One occasionally hears of somebody called a “self-made” man or woman. You may be familiar with Horatio Alger and his tales of rags to riches; or perhaps Madame C. J. Walker and the story of how she built up a cosmetic firm by the sweat of her brow and the work of her hands. Perhaps it is some poor immigrant who managed to scrape together the money to start a small business, and the business grew and prospered and he or she ended up a millionaire. And while not wanting to diminish admiration for such a person’s industry, inventiveness, skill and hard work — such a person is not self-made.

Before, behind, and along with every such successful person, there is a cloud of investors, clients, collaborators, and customers. The inventor who comes up with a clever new device needs an attorney to help file a patent, a manufacturer to produce the item, marketers to advertise and merchants to sell it, investors to pay for all of this, and — most importantly — customers to buy it.

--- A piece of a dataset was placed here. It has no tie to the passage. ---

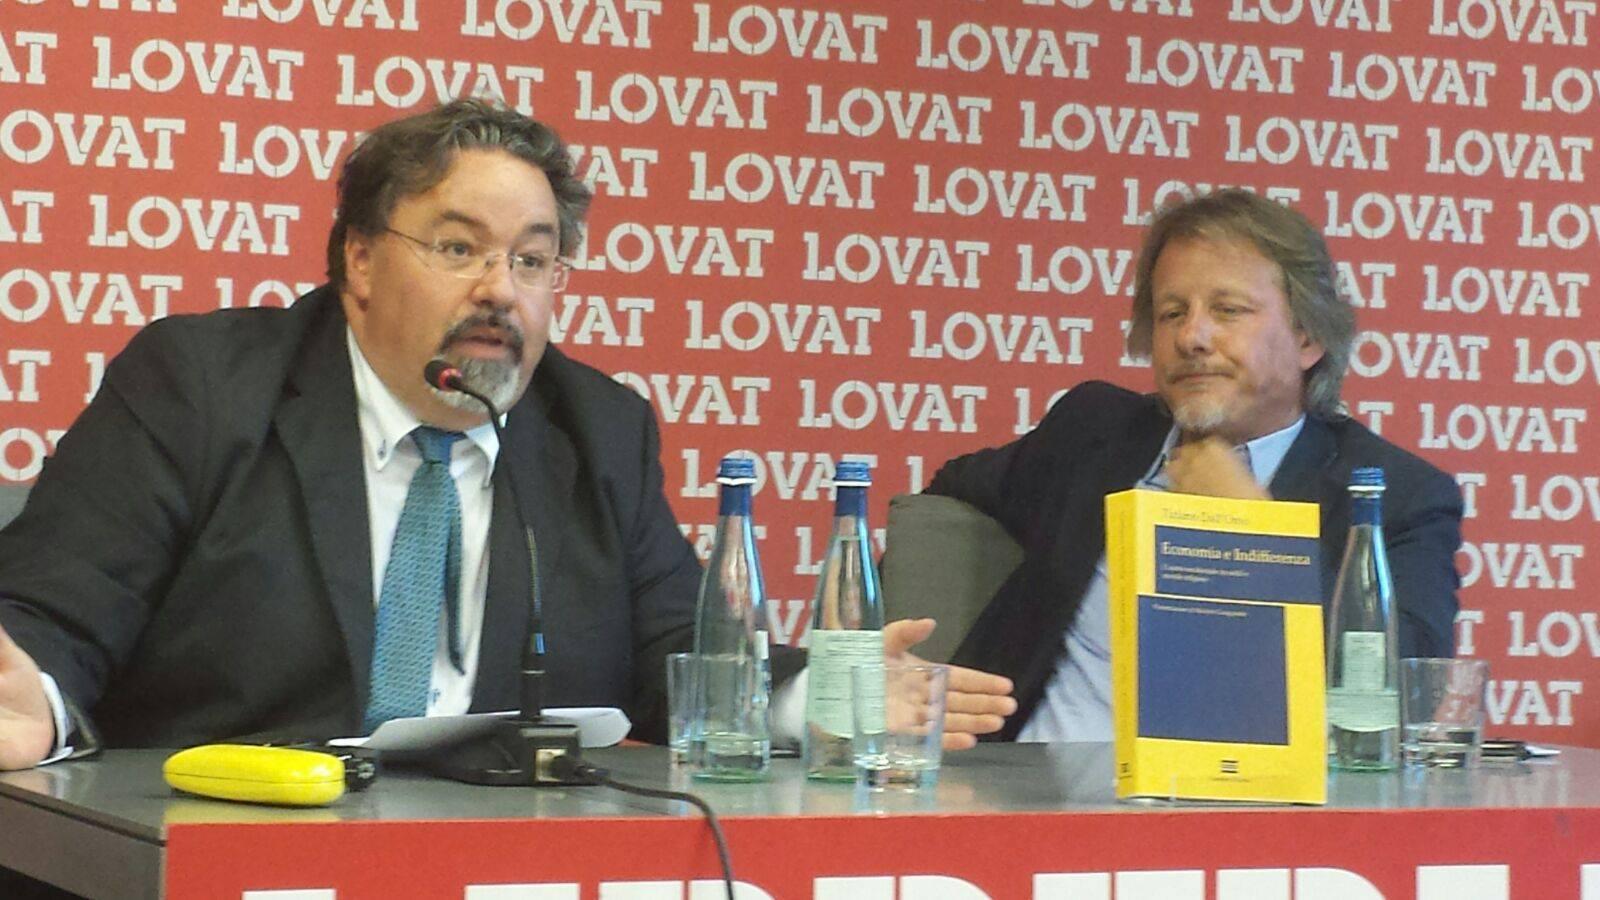 Presentazione del libro Economia e Indifferenza a Treviso

So it is that none of us become who we are on our own. Whatever else we may make of our lives,there is at least one unavoidable point at which we cannot and do not  do it for ourselves: at our birth. We come into being because of something our parents did before we were born. We simply did not exist at the point at which we came into existence. In this earthly birth we are born of blood, of flesh, and of the will of a man and a woman. We do not make ourselves.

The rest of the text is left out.